Well love to know how the program favoured these lovely creatures and you tried to add to their knowledge when the poor birds were oppressed and forgotten. 
I highly appreciate your efforts and loved to know that a member from PT is so responsibly sharing knowledge about the poor birds we all love a lot. 
We all are proud of you.
Thank you  
Wish we all could watch it too...


----------



## whytwings (Feb 12, 2011)

Hopefully this link might work

http://www.todaytonightadelaide.com.au/stories/port-pigeons


----------



## whytwings (Feb 12, 2011)

Thank you Kiddy ....this isn't the first time I've been in the media regarding ferals . I hope the link works for you and you like it


----------



## Jay3 (May 4, 2008)

Thank you Darren. Good job!


----------



## whytwings (Feb 12, 2011)

Jay3 said:


> Thank you Darren. Good job!


....... cheers Jay !


----------



## kiddy (Feb 5, 2015)

whytwings said:


> Thank you Kiddy ....this isn't the first time I've been in the media regarding ferals . I hope the link works for you and you like it


Wow that's cool. I am just few months old to this site so I didn't know. 
Great job done. Unable to open it yet due to dying Internet connection but will surely watch as soon as I get a chance. Thanks again for favoring lovely creatures.


----------



## whytwings (Feb 12, 2011)

kiddy said:


> Wow that's cool. I am just few months old to this site so I didn't know.
> Great job done. Unable to open it yet due to dying Internet connection but will surely watch as soon as I get a chance. Thanks again for favoring lovely creatures.
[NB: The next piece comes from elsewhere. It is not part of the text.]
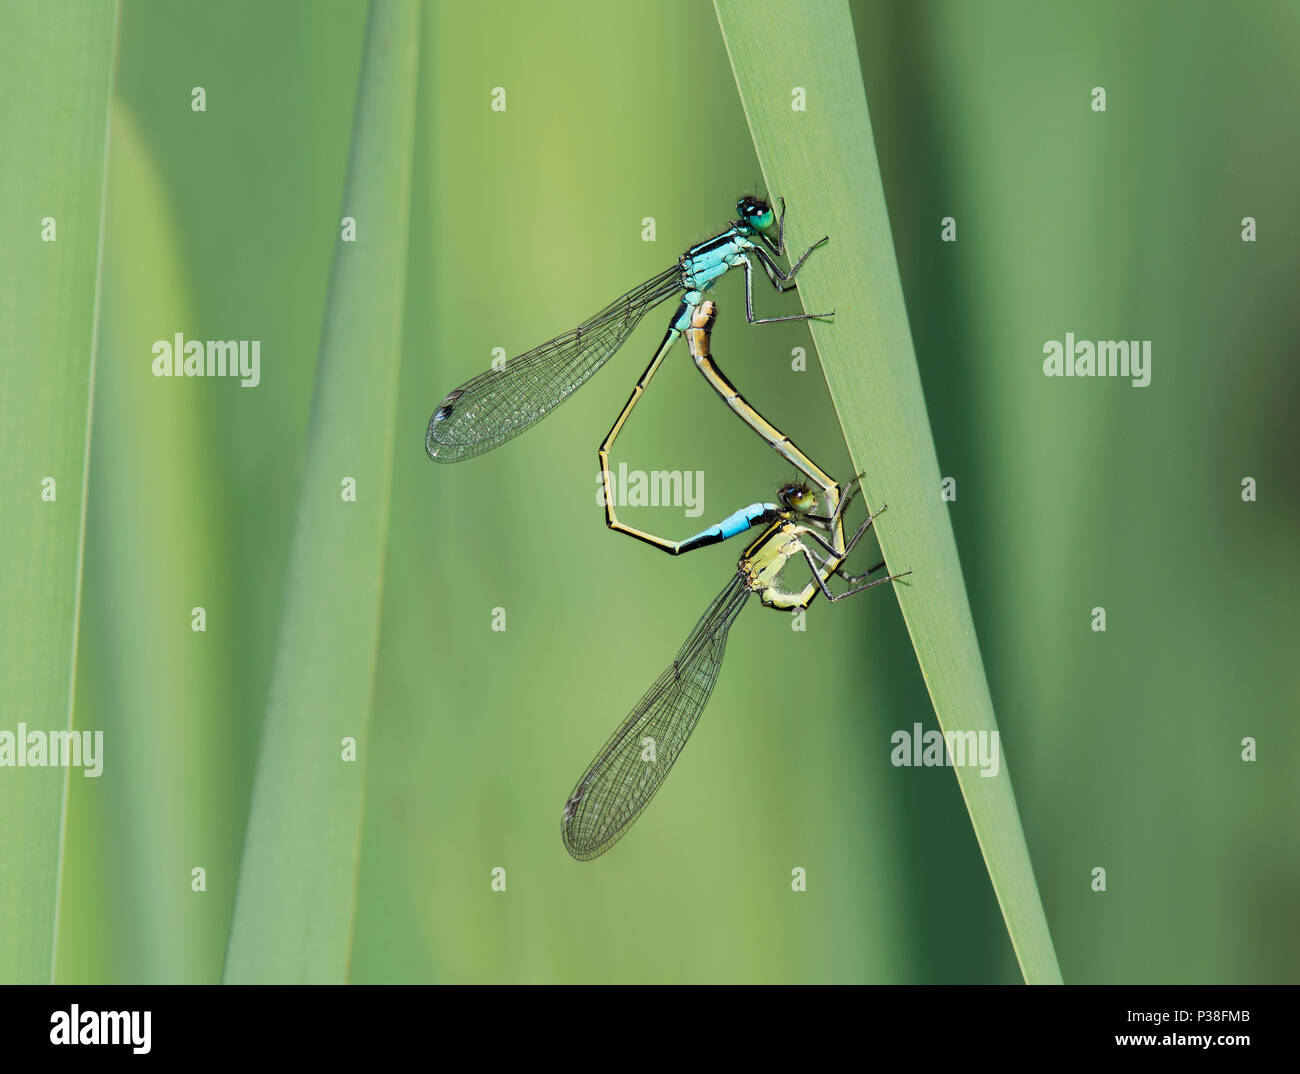 Mating pair of Blue-tailed Damselfly, Ischnura elegans, perched on reed stem in Lancashire, UK Stock Photo

Many thanks Kiddy......I have been a member for a little while , don't always get here as often as I like .


----------



## kiddy (Feb 5, 2015)

My pleasure  
Yes so I didn't see you before, I am a little much active these days, exploring the site, learning new lessons, even debating with Jay and we agree to disagree at the end as Jay says. Lol 
Hopeful that Jay doesn't mind


----------



## Jay3 (May 4, 2008)

Not at all. LOL. We agree on some things, but have different views on others. That is what keeps things interesting and makes you see different ways of looking at things.


----------



## CBL (May 13, 2014)

I watched it, loved it, you were a good ambassador for the birds but I HATED seeing them being thrown in the GARBAGE alive, PLEASE tell me someone rescued those birds???


----------



## whytwings (Feb 12, 2011)

CBL said:


> I watched it, loved it, you were a good ambassador for the birds but I HATED seeing them being thrown in the GARBAGE alive, PLEASE tell me someone rescued those birds???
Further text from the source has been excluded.